Fox hasn't yet ruled on disbursement of the remainder of the settlement fund, but some of it will cover administrative expenses as well as additional attorney fees. The plaintiffs' lawyers have also suggested giving some of the settlement funds to health and anti-smoking groups such as the American Lung Association, Arkansas Children's Hospital and the University of Arkansas for Medical Science.

The sides reached the settlement agreement in July through court-ordered mediation shortly before the case was scheduled for trial.

The lawsuit was filed in April 2003 on behalf of consumers who had bought Lights or Ultra-Lights in Arkansas.

The suit accused the cigarette company of running a misleading advertising campaign that deliberately duped consumers into believing the Lights brand was safer and subjected them to lower levels of tar and nicotine than regular cigarettes.

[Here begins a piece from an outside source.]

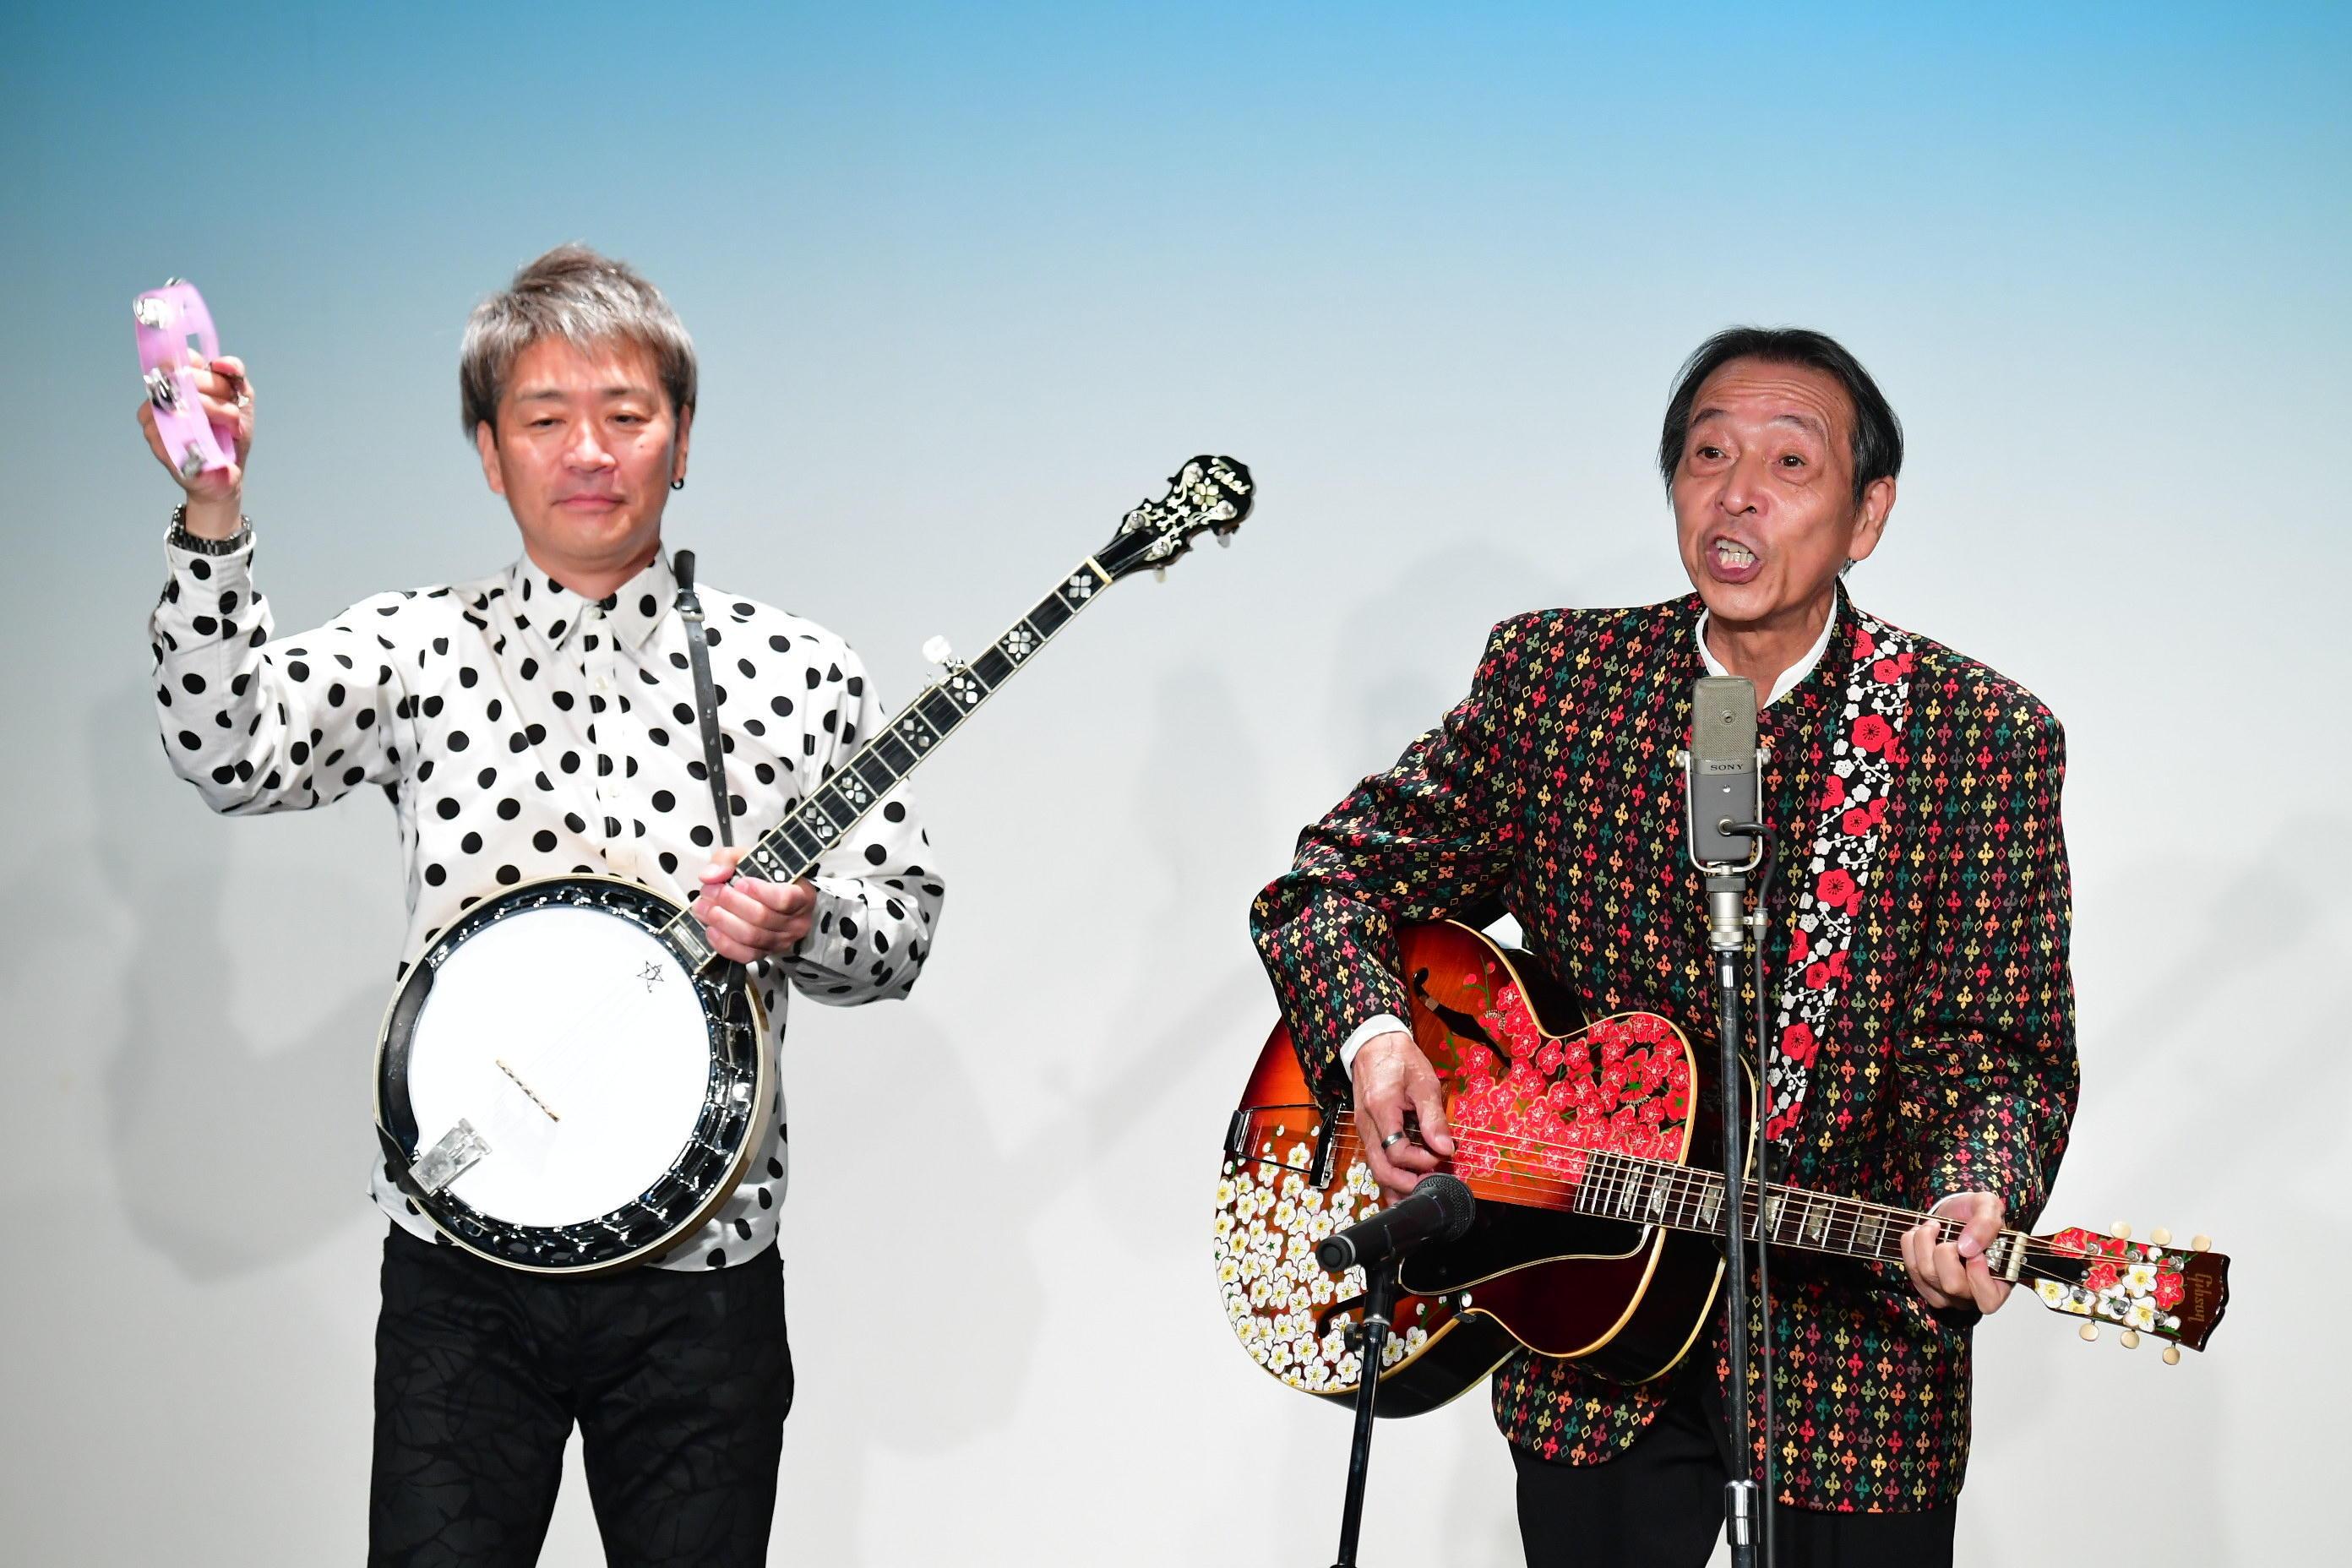 http://news.yoshimoto.co.jp/20181030230829-a729c79dec1e8ef32658f32e247205889f75a59d.jpg

Plaintiffs sought a full refund for each pack purchased in the state.

Philip Morris denied any deliberate deception and wrongdoing, arguing that Lights did what they were advertised to do -- deliver less tar and nicotine -- if they were smoked correctly.

The Lights filters were specially ventilated to reduce tar and nicotine, but smokers could get more by inhaling more deeply or more often, the company stated. Smokers who used the cigarettes as they were designed got the promised benefit of reduced tar and nicotine, it said.

The cigarettes were re-branded as Marlboro Silver and Marlboro Gold in June 2010 after federal regulators barred makers from advertising cigarettes as light or mild.

Fifteen attorneys from seven law firms in four states -- Arkansas, Illinois, Mississippi and Texas -- worked on the case, court filings show. Three other Little Rock lawyers from two law firms, Thrash Law Firm and Carney, Williams, Bates, Pulliam & Bowman, participated: Hank Bates, Marcus Bozeman and Randy Pulliam.